Whew, such an interesting topic. Ill write it down on the list, but I'll have to think about how to put this one in to words for a while!
@@paulientimmer-healingthefe9870 yes. I want to learn how to surrender! You said to surrender is to let go of control.. but how do we let go? I have surrendered to moments of love with my man.. it is so intensely beautiful and deep. But then I get scared and swim back to the surface to breathe and think. I believe total surrender equals total trust and it is a constant. Not just moments of it. I can only handle moments of surrender. Thanks, Paulien!
@@lke4907 you say you then get scared. What do you get scared about? What if that happens? Well that will happen. You will survive it. Did it happen yet? No. So why do you want to feel miserable over scenario that has not manifested? It's just insane. Fears are insanity. Unless ofc you really are in a physical unsafe situation but then instincts will show you what to do. Maybe you haven't suffered enough to accept suffering is inevitable and you will get through it every single time.
@@sunbeam9222 maybe I haven't suffered enough??????????????
@@lke4907 yes we grow more awareness through suffering than clinging onto fears. Eckhart Tolle says " suffering has a noble cause, the evolution of consciousness and the burning up of the ego"
Wow, I wish I could get my FA gf to talk to you......This is where we are at 3 yrs, 8 months into it and she just ended it.....
You’re amazing, thank you so much for your help!

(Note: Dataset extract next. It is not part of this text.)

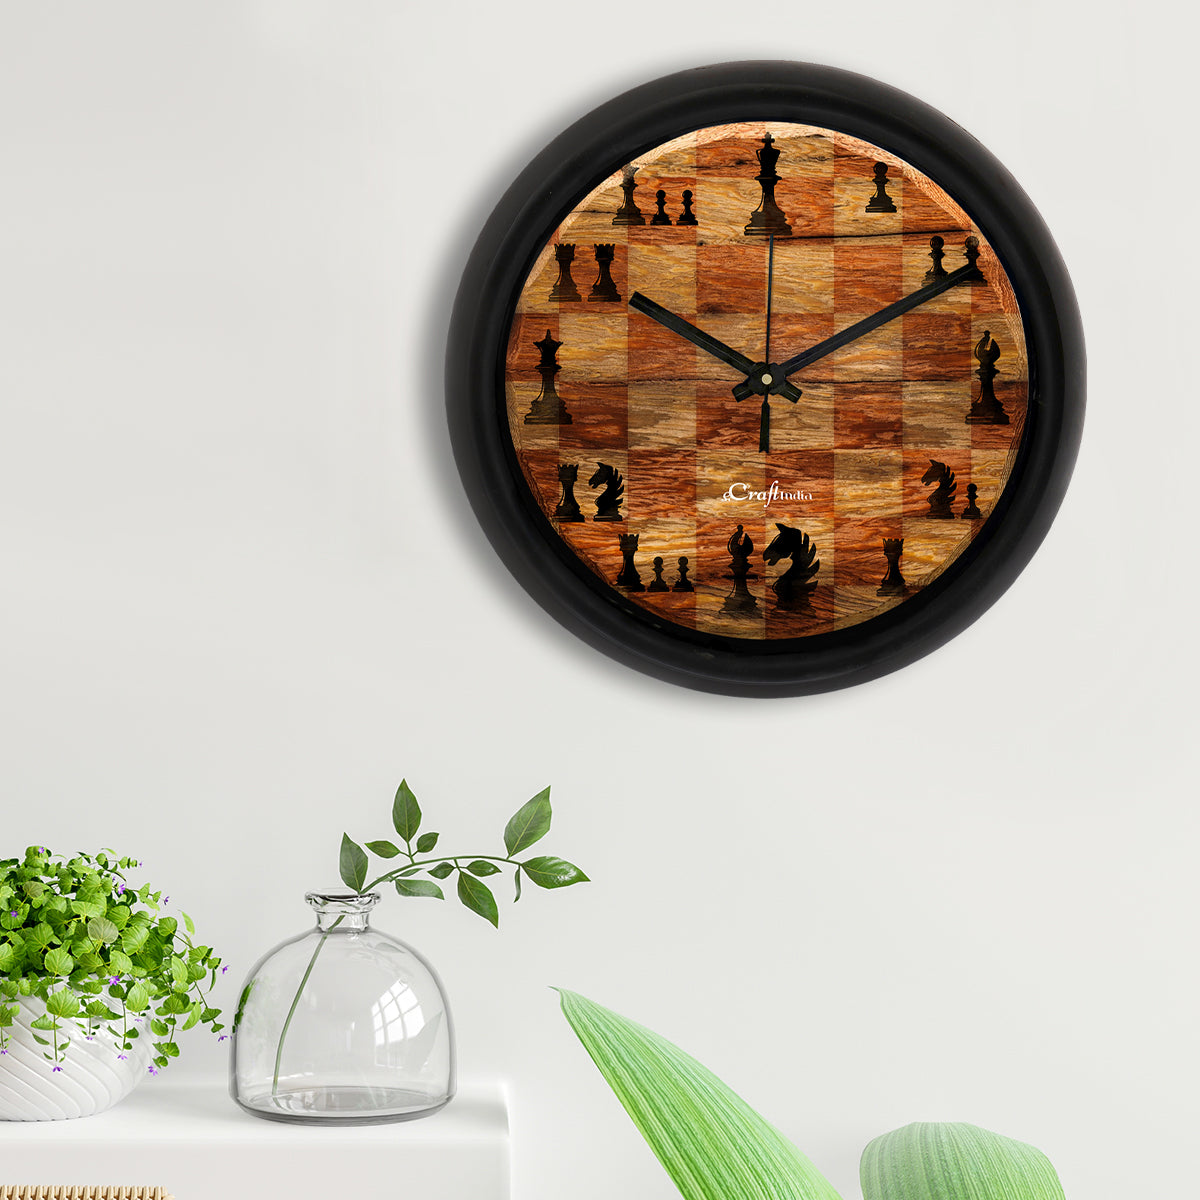 Chess Game Theme Round Shape Analog Designer Wall Clock 2

I feel that by giving too much too soon it will make him not appreciate me and take me for granted. How do I know that’s not going to happen? 😢
That's not for you to manage and decide! If they decide to take you for granted, they are showing you who they are, not what you have done wrong :) You get to be you, fully, and find someone that loves all of that.
Your only job is to be you, authentically, consciously you ❤️ Otherwise it becomes strategic and already cutting the flow of the relationship. It doesn't have to be perfect. Healthy connections are not perfect, they remain organic tho.
Hello Paulien, would it be a good idea to send this video or a similar one to a fearful avoidant ?
is that grey area you're talking what we call a situationship nowadays? 👀
Sounds so 👀
Not really. I believe The grey zone she’s referring to here is when you are in a committed relationship but in your mind you are one foot in one foot out. Like you haven’t settled fully in your relationship because of all those fears you have around it. You go back and forth between staying and leaving
Exactly! You go back and forth between staying and leaving, even if that is just in your thoughts.